Details of the PrimaryBid Offer

The Company highly values its retail investor base which has supported the Company alongside institutional investors over several years. Given the longstanding support of retail shareholders, the Company believes that it is appropriate to provide retail and other interested investors the opportunity to participate through the PrimaryBid Offer. The Company is therefore making the PrimaryBid Offer available through the PrimaryBid.

The PrimaryBid Offer is offered under the exemptions against the need for a prospectus in the UK allowed under the Prospectus Rules. As such, there is no need for publication of a prospectus in the UK pursuant to the Prospectus Rules, or for approval of the same by the Financial Conduct Authority in its capacity as the UK Listing Authority. The PrimaryBid Offer is not being made into Australia, the Republic of Belarus, Canada, Hong Kong, Japan, New Zealand, the Republic of South Africa, the Russian Federation, Singapore, Switzerland and the United States or any other jurisdiction where it would be unlawful to do so.

There is a minimum subscription of £250 per investor under the terms of the PrimaryBid Offer which is open to existing shareholders and other retail investors subscribing via PrimaryBid.

For further details please refer to the PrimaryBid website at www.PrimaryBid.com. The terms and conditions on which the PrimaryBid Offer is made, including the procedure for application and payment for new Ordinary Shares, is available to all persons who register with PrimaryBid.

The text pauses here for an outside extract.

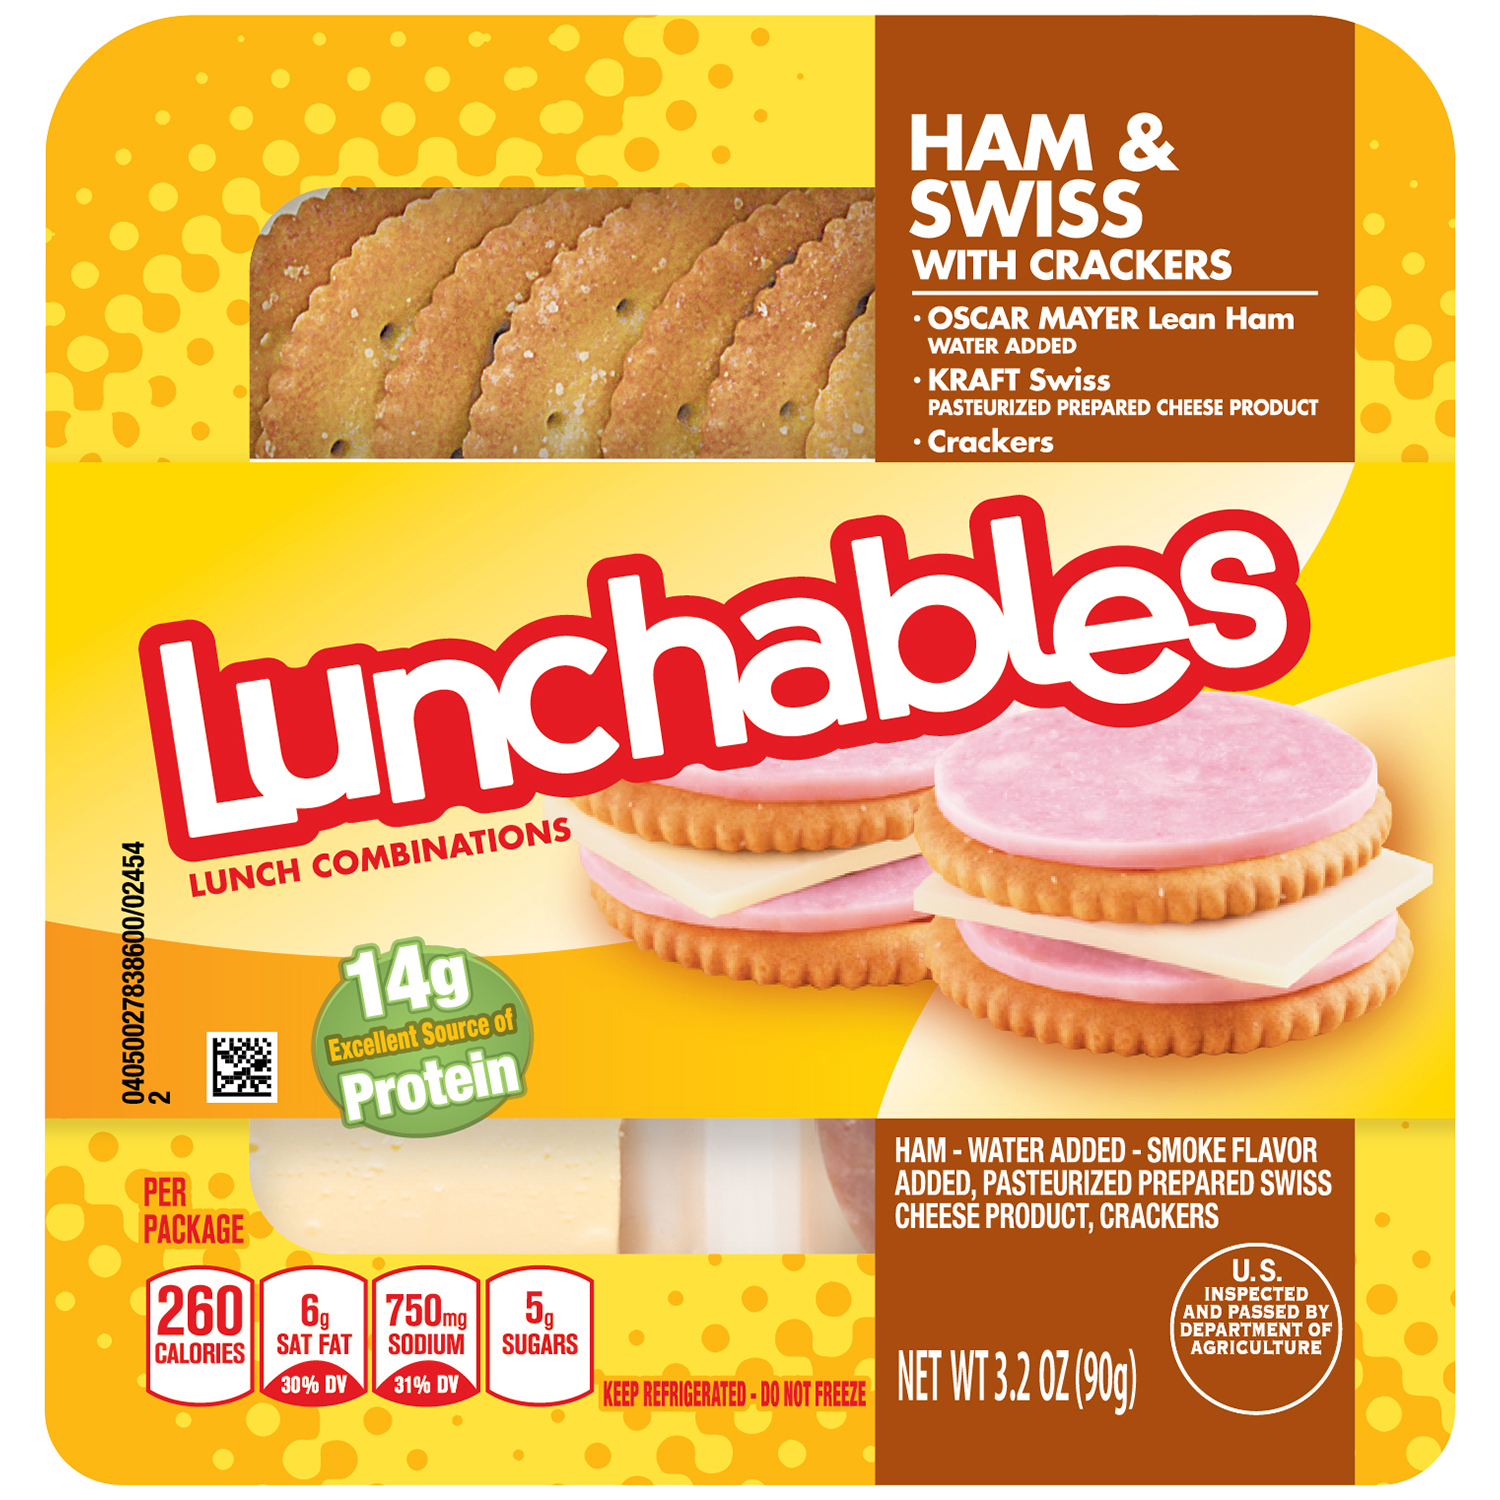 UPC 044700024546 product image for Ham & Swiss with Crackers 3.2 OZ TRAY | upcitemdb.com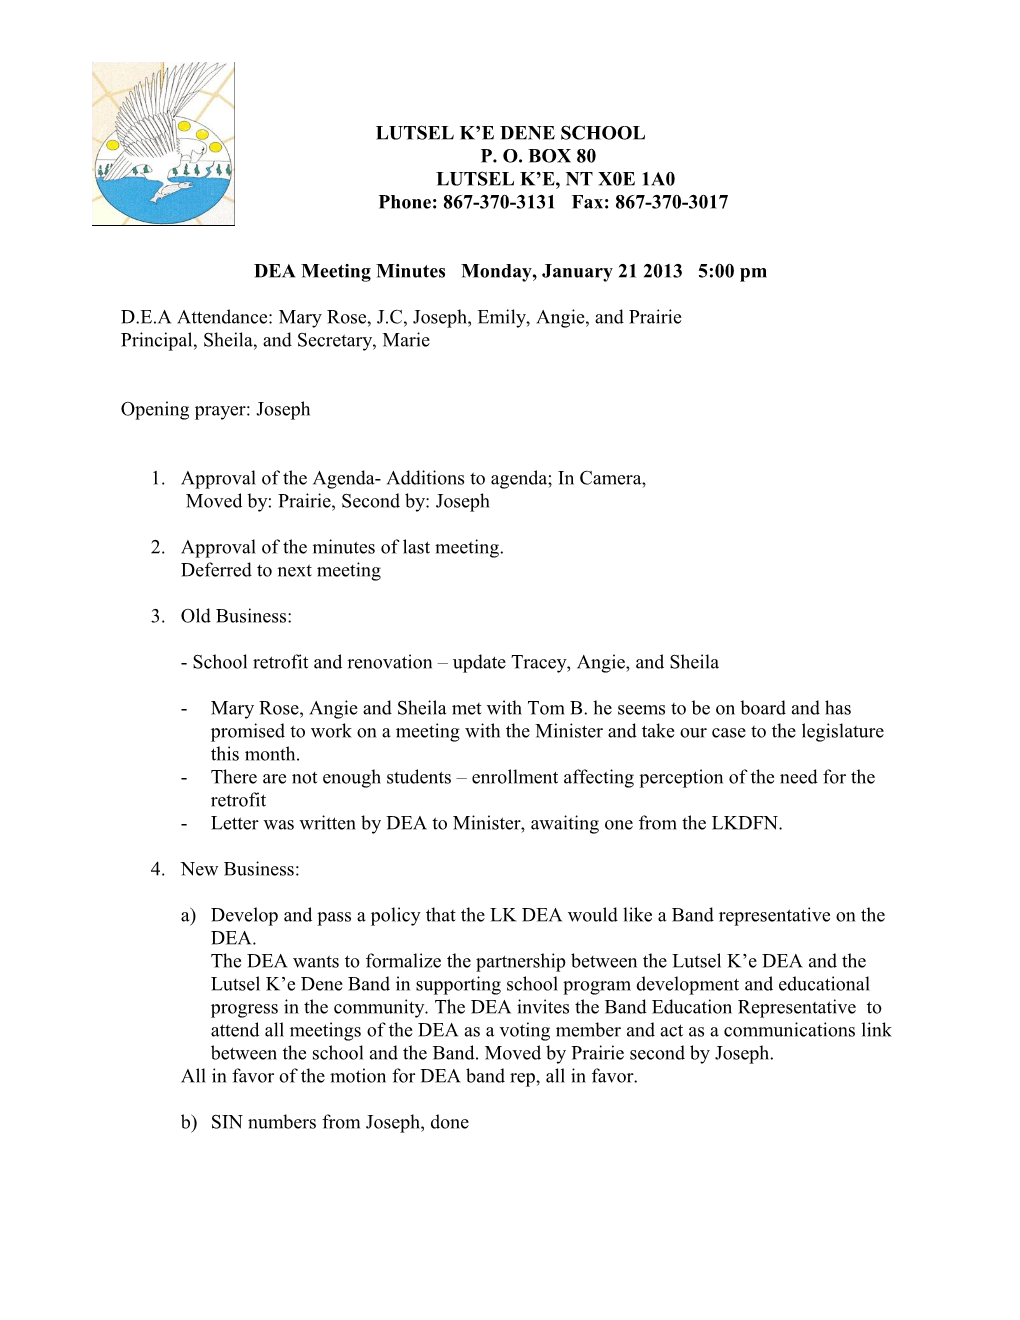 DEA Meeting Minutes Monday, January 21 2013 5:00 Pm

Investors should make their own investigations into the merits of an investment in the Company. Nothing in this Announcement amounts to a recommendation to invest in the Company or amounts to investment, taxation or legal advice.

It should be noted that a subscription for new Ordinary Shares and investment in the Company carries a number of risks. Investors should consider the risk factors set out on www.PrimaryBid.com and the PrimaryBid mobile app before making a decision to subscribe for new Ordinary Shares. Investors should take independent advice from a person experienced in advising on investment in securities such as the new Ordinary Shares if they are in any doubt. 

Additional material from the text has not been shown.